Lire le premier chapitre :

Action 1 : La geek contre-attaque

kruger le chat

Jessica enfile sa blouse de chimiste par-dessus son tailleur. Elle glisse la main sous ses cheveux pour les déloger du col. Ils sont longs, ultra lisses et d’un noir de jais. La Princesse Leia  aurait rêvé d’en avoir des comme ça.


Jessica aussi…


Métisse, elle a hérité des yeux bridés, de la peau dorée et du corps fin de sa grand-mère vietnamienne. Ses iris verts, elle les tient de sa mère alsacienne. Cela s’appelle être vernie à la loterie.


Sauf au niveau des cheveux. Là, les gènes ont cafouillé. Une touffe broussailleuse d’une couleur fade lui a collé au crâne toute sa jeunesse. Ce n’est qu’à vingt-six ans, en devenant chef d’entreprise, que Jessica a décidé qu’il en allait de l’avenir de la galaxie qu’elle dissimule ce secret. Elle verse donc quatre-vingt-neuf euros par mois au coiffeur pour avoir des beaux cheveux d’asiatique.


On répète toujours aux petites filles : « il faut souffrir pour être belle ». On oublie de leur dire que la souffrance passe aussi par le portefeuille.


Jessica lève les yeux au ciel devant cette injustice. Son regard s’attarde sur le plafond et ses moulures au style haussmannien. La jeune entrepreneuse loue un espace dans un fab lab du 1er arrondissement, un quartier huppé de Paris. Le vaste rez-de-chaussée abrite des machines de toutes sortes : de l’imprimante 3D à la hotte vitrée avec gants intégrés pour manipuler des produits chimiques.


Vu l’odeur qui règne ici, certains doivent aussi disséquer des aliens. Jessica, elle, fabrique des os humains. Elle a fondé sa startup, appelée Instant Fitbones, car elle a inventé un procédé révolutionnaire pour créer des os sur mesure et…


Un jour, je serai riche…


Enfin ! Elle ne fait pas cela pour l’argent. Yoda n’approuverait pas. Non, Jessica veut juste sauver le monde comme tout chevalier Jedi qui se respecte.


— Que la Force  soit avec moi ! s’écrie-t-elle à travers l’open space.


Désert.


On est samedi matin, en plein mois de juin. Le mois le moins pire de l’année sous les tropiques parisiens. Autant dire que personne n’a envie de s’enfermer au boulot. Jessica, elle, a un travail de la plus haute importance à faire.
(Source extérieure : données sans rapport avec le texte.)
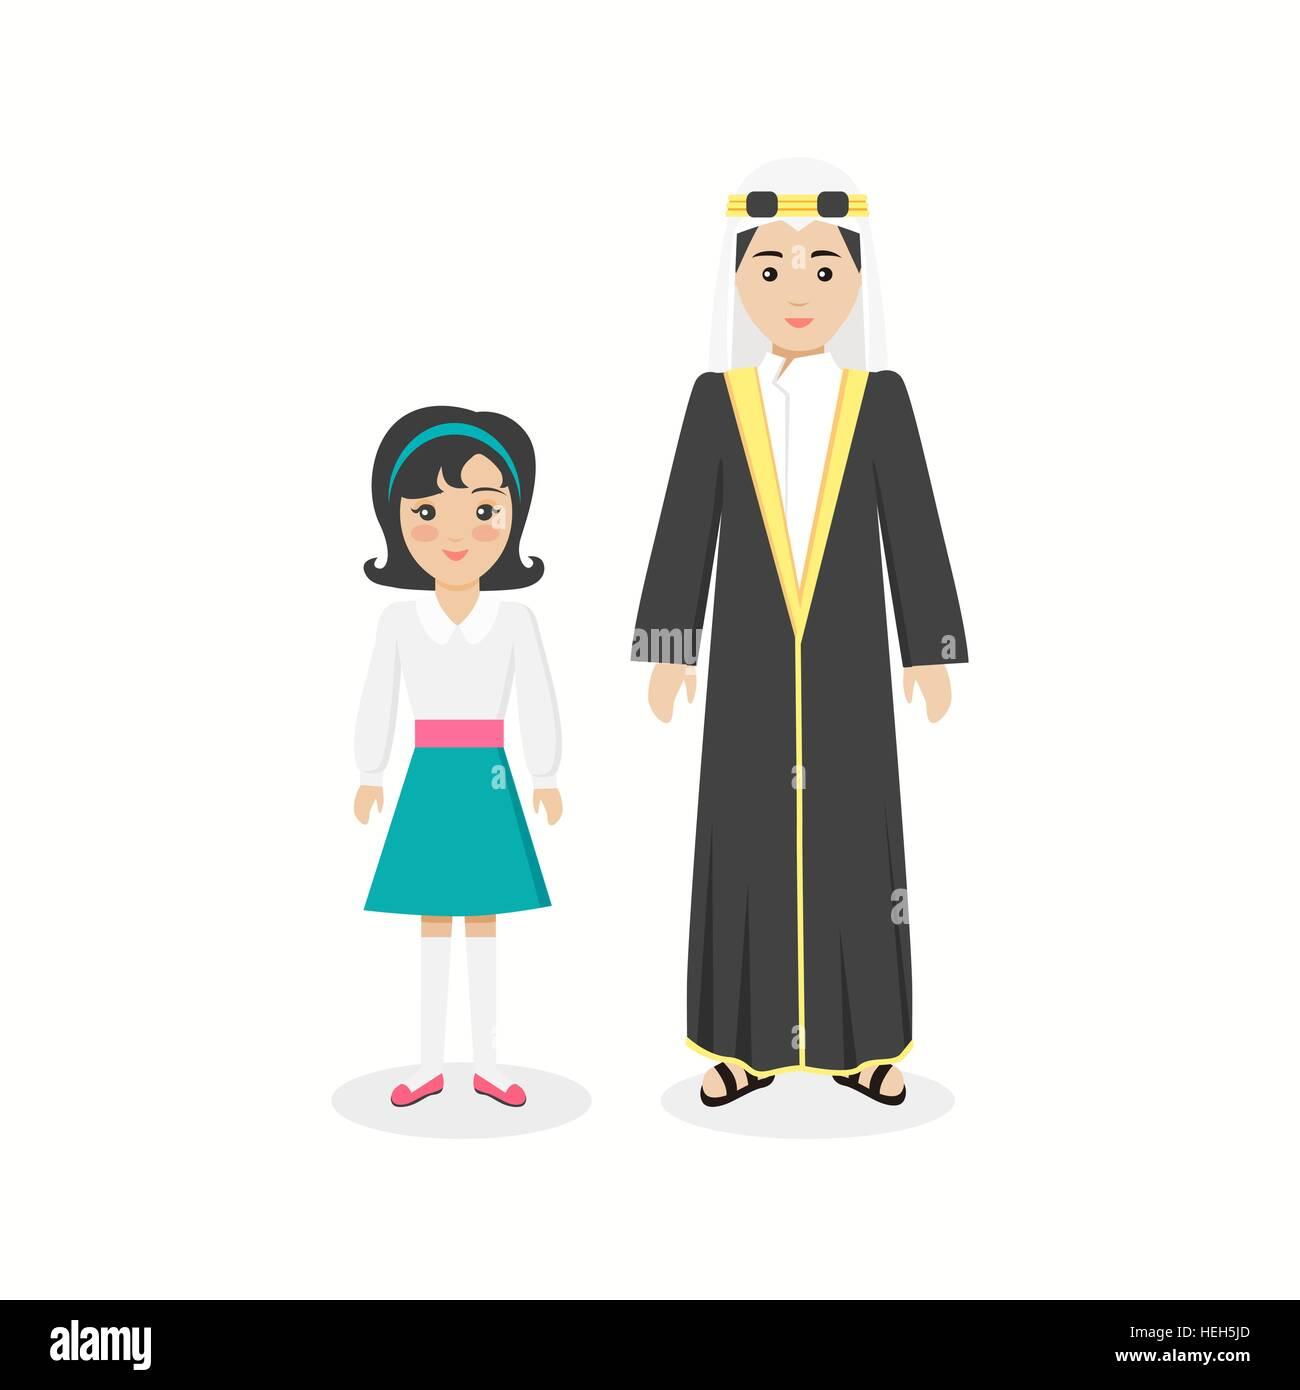 167d0fc32 Arabian ropa tradicional pueblo. Familia tradicional árabe musulmán ...

Une expérience scientifique à haut risque.


Donner la pilule à un chat.


Jessica gravit les quatre marches de la mezzanine où se trouve la cuisine ouverte. Elle ouvre le frigo pour récupérer le matériel nécessaire à toute cette opération : un paquet de comté, le meilleur fromage qui soit. Puis elle saisit une cuillère :


— Fantôminette ! s’écrie-t-elle en tapant sur l’évier en zinc. Où tu es, ma minette ?

— Miaahh ! lui répond la chatte depuis l’intérieur d’un placard du haut.
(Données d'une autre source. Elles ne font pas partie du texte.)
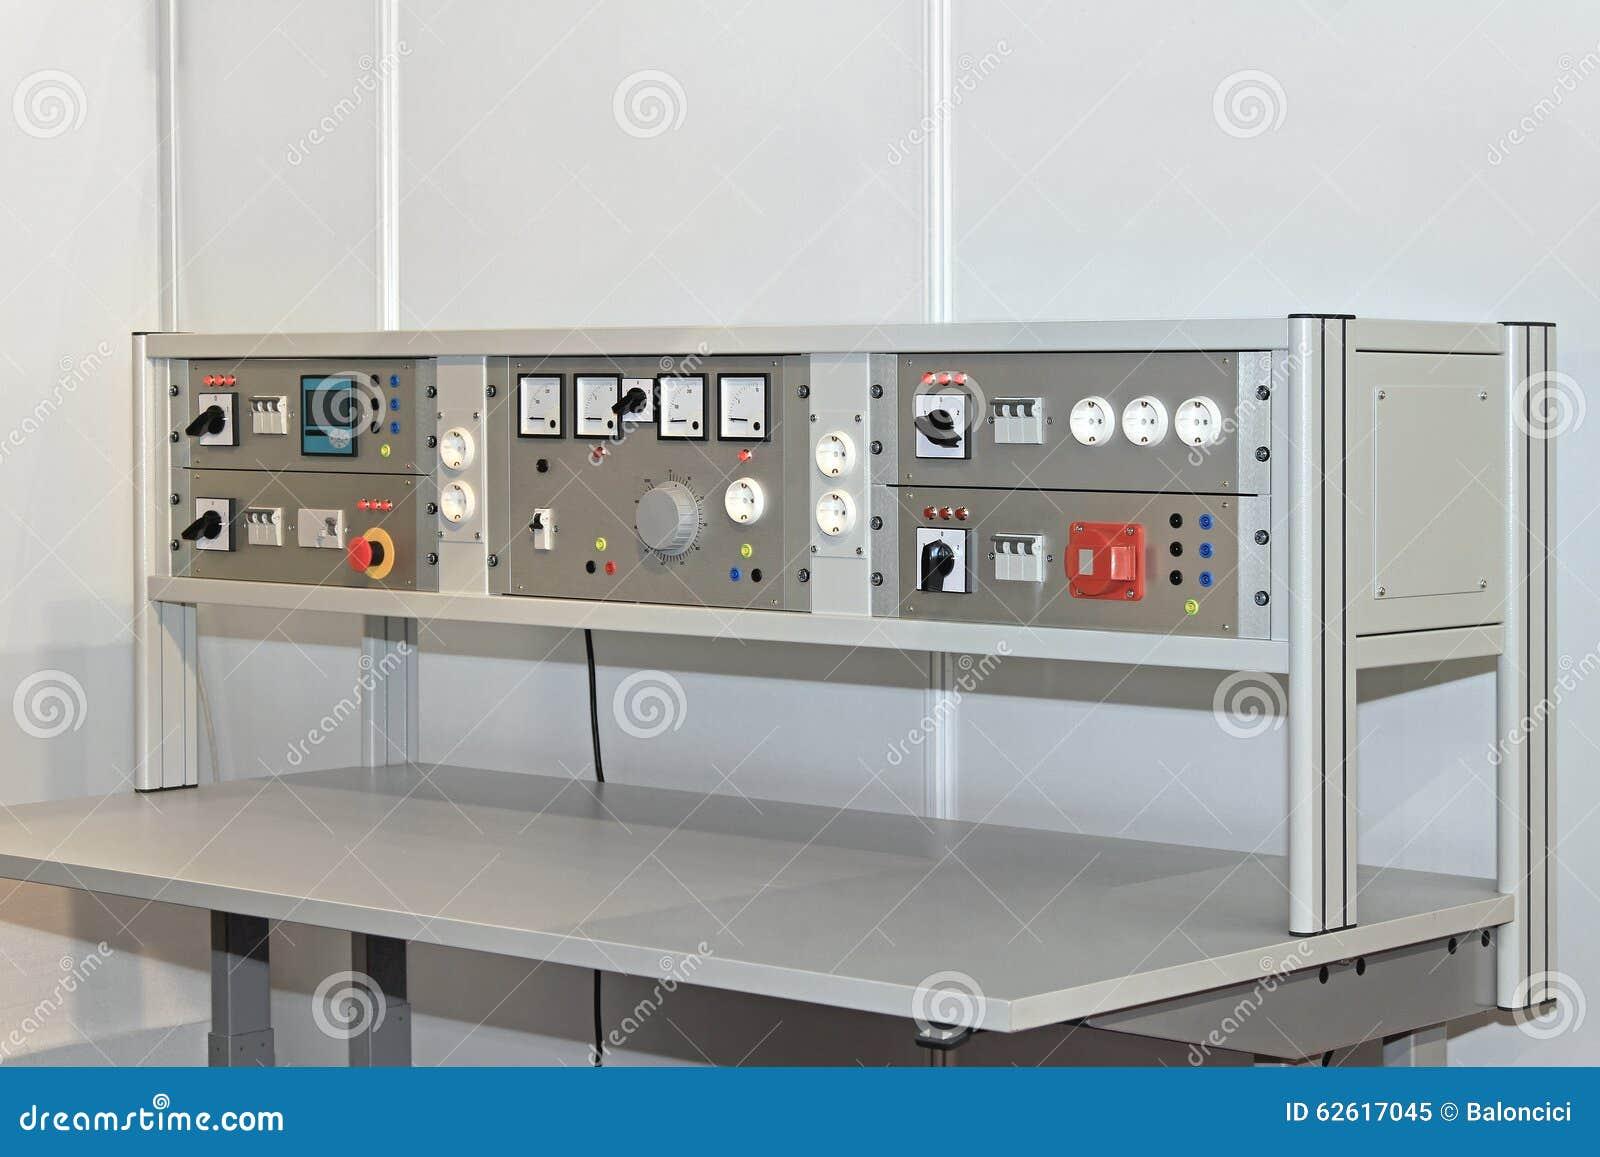 Banchi Da Lavoro Per Elettronica : Banco da lavoro elettronico immagine stock immagine di tabella

Il était pourtant fermé. Jessica ouvre la porte laquée blanche d’une pression. Une chatte aux poils angora, blanche avec un loup noir sur les yeux, bondit de sa cachette improbable. Fantôminette est un mystère.


La bête à demi sauvage vit depuis toujours dans le quartier. Les résidents ont beau fermer à clef toutes les portes, toutes les fenêtres, la nuit, la chatte réussit toujours à entrer dans le fab lab. Et comme l’immeuble est infesté de souris, la jeune femme a eu une idée. Un chevalier Jedi se doit de défendre les faibles, à plus forte raison lorsqu’ils ont des moustaches choupinettes. Ses collègues, à 99 % des mâles vendus au côté obscur , ont fini par se rendre à sa logique scientifique. Jessica leur a proposé de faire une expérience : jeter à la poubelle toutes les cruelles tapettes et les sadiques poisons et nourrir Fantôminette pour l’attirer dans le fab lab. En lui supprimant sa gamelle une fois tous les trois jours, cela doit réveiller son instinct de chasseresse et la pousser à virer les souris !


=^-^=


Sauf que les jours où il n’y a pas de croquettes, la chatte se sert toute seule dans le placard ou dans le frigo. Comment ouvre-t-elle ? Impossible de savoir. On la retrouve aussi dans les armoires métalliques sécurisées avec un cadenas. Jessica la soupçonne d’avoir le pouvoir du transmagnétiseur  que Stark a donné au petit Spider-Man pour passer à travers les murs.


La jeune femme soupire :


— Ma minette chérie… Quand est-ce que tu vas te décider à chasser la souris ? Les serviteurs du côté obscur vont finir par te mettre à la SPA, tu sais ?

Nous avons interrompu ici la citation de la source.